Once that was fixed, the bot appeared. It showed as online. It showed a typing indicator when messaged. It never actually responded.
The logs revealed the problem: stuck session: state=processing age=121s. The model was timing out. The config was still pointing at kimi-k2.6:cloud – a cloud-hosted model that never actually downloaded. The bot was trying to query a model that didn't exist.
After updating to llama3.2 (and later llama3.2:1b for speed), and keeping Ollama warm in a separate terminal tab, the bot finally responded:
{"version": "1.0", "status": "success", "data": {"memory": "This is your long-term memory."}}
When asked, "How can you help me?", it responded with:
{"OpenClaw did not find any relevant results for 'Pi vs Claude Code'. Try adjusting the query or checking other resources."}}
Not exactly "How can I help you today?" – but it was something. We were in business.
What I Learned
The hardware isn't the bottleneck. An M3 MacBook Air with 24GB RAM is more than capable of running local LLMs. The issues were entirely software and configuration.
Small models have real limits. llama3.2:1b is fast but struggles to follow complex tool-calling instructions. If you want OpenClaw to actually be useful, you need at least a 7B model.

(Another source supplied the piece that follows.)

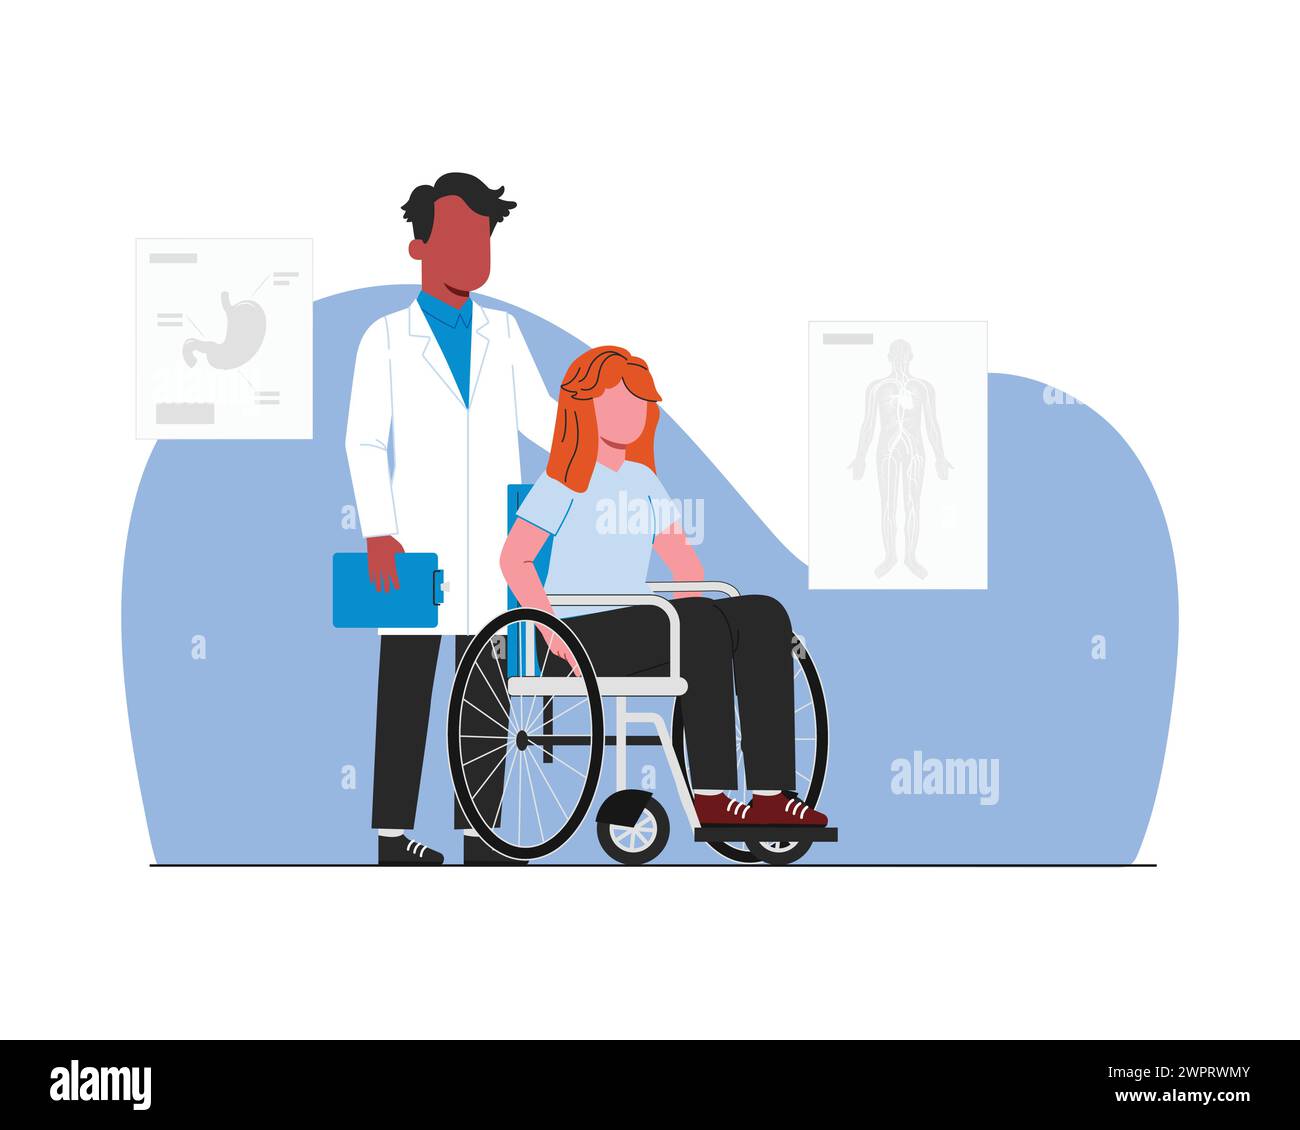 Patient im Rollstuhl mit Arzt. Vektor-Illustration in flacher Art für Gesundheitspflege und medizinisches Thema. Stock Vektor

Keep Ollama warm. The model needs to be loaded into memory before the first message arrives, or it'll time out. Running ollama run <model> in a separate terminal before messaging the bot makes a real difference.
The OpenClaw community exists for a reason. This is genuinely complex software with a lot of moving parts. The docs are good but the gap between "docs working" and "your specific setup working" can be wide. Their Discord community is probably worth joining before you start, not after you're stuck.
The Current State
Two hours later, I have:
- A Discord bot that responds to messages (slowly, with a small model)
- iMessage connected with Full Disk Access granted (I have removed the iMessage channel from the config file as the channel was cluttering the log file with errors)
- A gateway that stays running as long as I don't close the terminal
- A sore back
Next steps: download a proper 7B model (llama3.3... 42gb) when I have emotional bandwidth to spare, set up the gateway as a background service so it survives reboots, and actually try some of the 100+ skills OpenClaw advertises.
~edit~
I did download a 7b model (llama3.3) and my laptop had a conniption fit. So, no locally run fun for me and I'm not willing to pay $$ for tokens so I guess we have to wait until local models get smarter. Oh well. That was fun.